My read: the tool creates the conditions, but the model decides whether to use them. BigPickle ran in the same OpenCode environment and didn't self-test. Haiku 4.5 on OpenCode didn't either. GLM 5.2 chose to run its own output, interpret the results, and iterate. That judgment call is the model, not the loop.
But you're right that "model matters, not the tool" is too clean. The more accurate version is probably: the tool sets the ceiling, the model determines how close you get to it. On the planning phase with no execution environment, the tool is genuinely neutral. On the code phase, it isn't.
Worth a follow-up benchmark that controls for agent loop access more explicitly.
The finding that none of them asked questions before planning is quietly the most important result here. We optimize for output speed, not for thinking time.
That line stopped me too when I was writing it up. Every model produced a complete architecture, then asked the blocking questions — in the wrong order. It's the most consistent failure across eight combinations, regardless of price or model family.
"We optimize for output speed, not for thinking time" — that's the root cause. The training signal rewards producing something, not pausing to clarify. An architect who delivers blueprints before understanding the constraints isn't faster, they're just earlier to be wrong.
The uncomfortable follow-up question: how much of our own engineering culture has the same problem?
Exactly. I grabbed this exact thread and pulled — that's basically my whole series. Before AI, during AI, after AI? Same pattern, different packaging. We never learn, we just get faster at being wrong.
So true!
you are back! Woot :)
Thanks Benjamin!
Generate → run → detect → fix is the loop that separates production-ready from looks-fine-at-review, and your GLM 5.2 numbers put a cost figure on that distinction. The model is the worker; the architecture around the model decides whether the worker is allowed to ship. That shape shows up in my own work too. Most of the difference between systems that hold up in production and systems that demo well lives in the structure around the model, not in the model itself.

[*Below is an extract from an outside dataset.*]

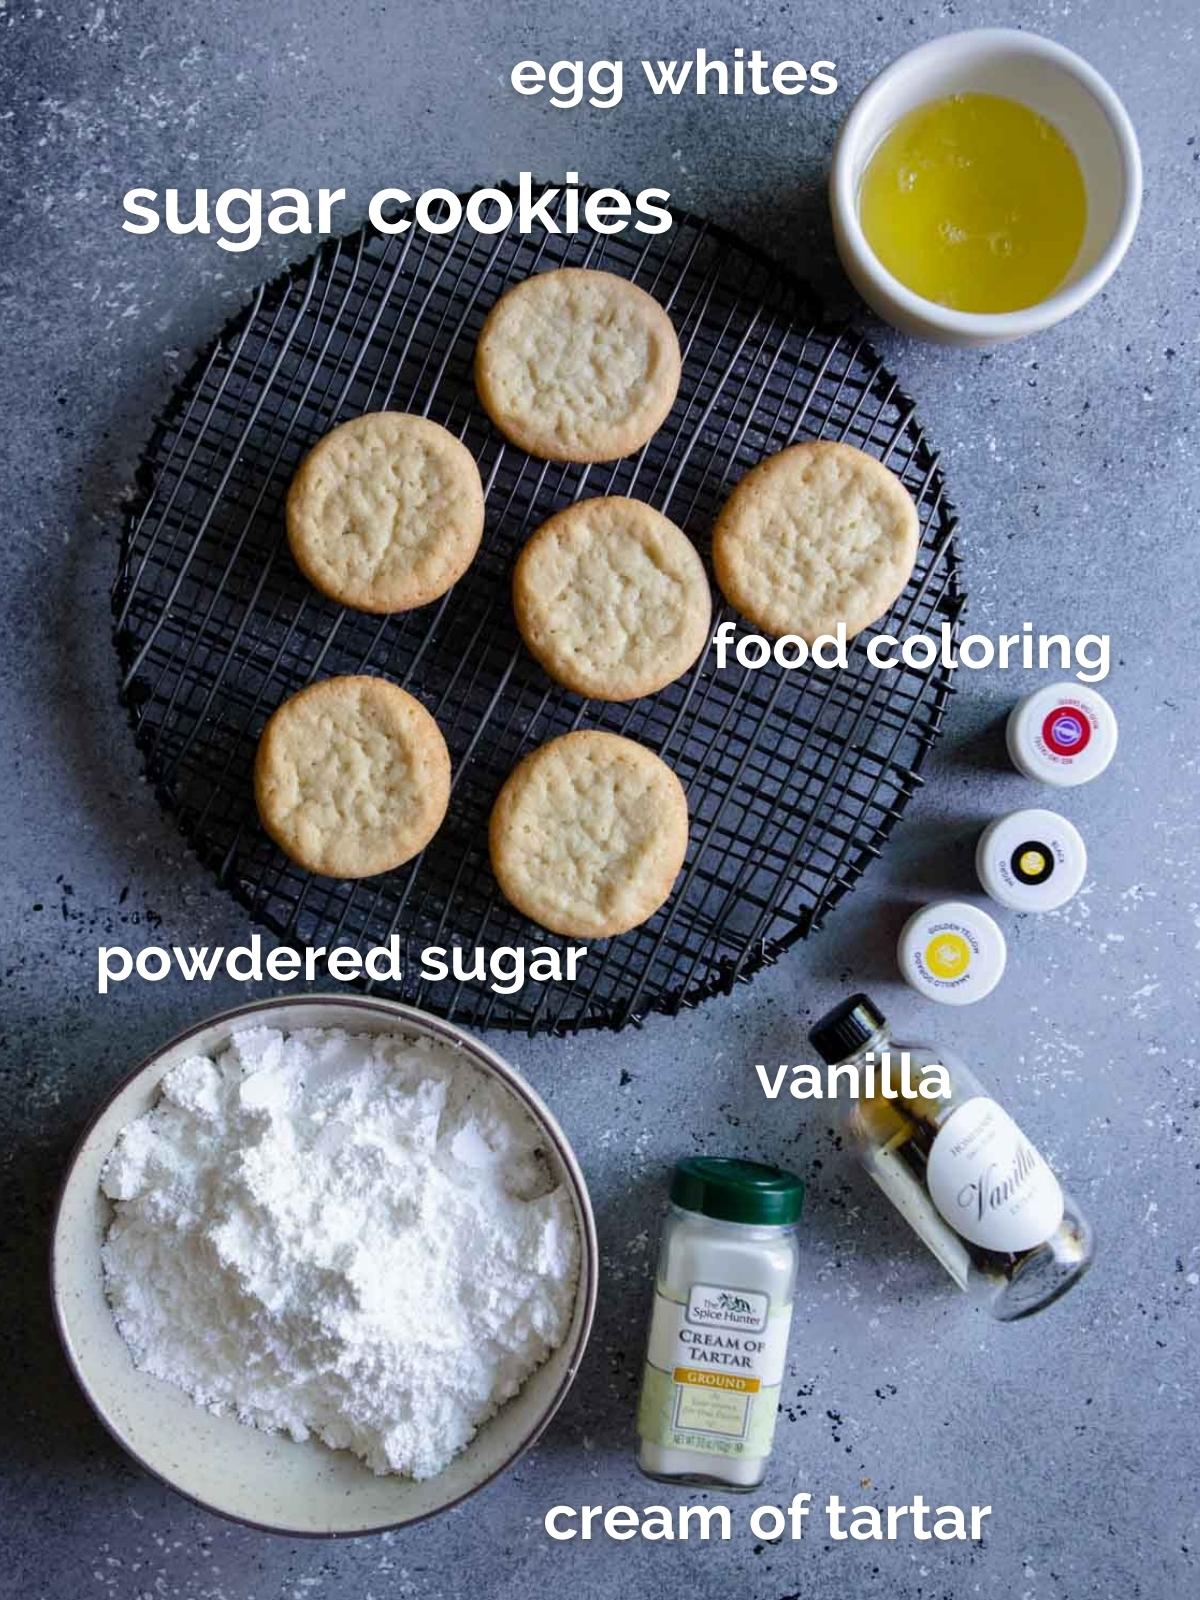 baked sugar cookies, a bowl of powdered sugar, a bowl of egg whites, a jar of cream of tartar, vanilla extract and food colorings

On finding #2 (none of the models blocked on uncertainty before laying out architecture), this is the place I think the post pushes hardest without naming it. A human architect's first move on an unclear brief is usually "what do you mean by X" before any diagram, because the cost of being wrong about the brief compounds through the rest of the work. None of the models did that. They all produced a plan first and asked second. That is a different failure mode than "cheap model worse than expensive model." It is "the agent shape itself does not prioritize disambiguating the question before answering it." Stop conditions and refusal conditions are still doing more work than most coding-agent post-mortems credit.
Honest stage marker on this side: my work runs adjacent (operator-side decision audit and verification engineering on dev.to). Your benchmark puts the self-verification axis under real production-shape constraints with cost numbers attached, and the cost figure is the part that changes how I would describe the trade-off in conversation. The external-review-by-another-model caveat you flag is the right one. It does not invalidate the benchmark, but it is the seam where the next iteration should plug a human reviewer for the high-severity claims (production-ready / not production-ready) where the disagreement most matters.
One concrete question: did GLM 5.2's self-verification loop catch anything the LLM reviewer would have missed, or was the agreement-rate high enough that the loop and the reviewer mostly converged? That distinction maps onto how much the self-verification is independent capability versus shared-bias amplification.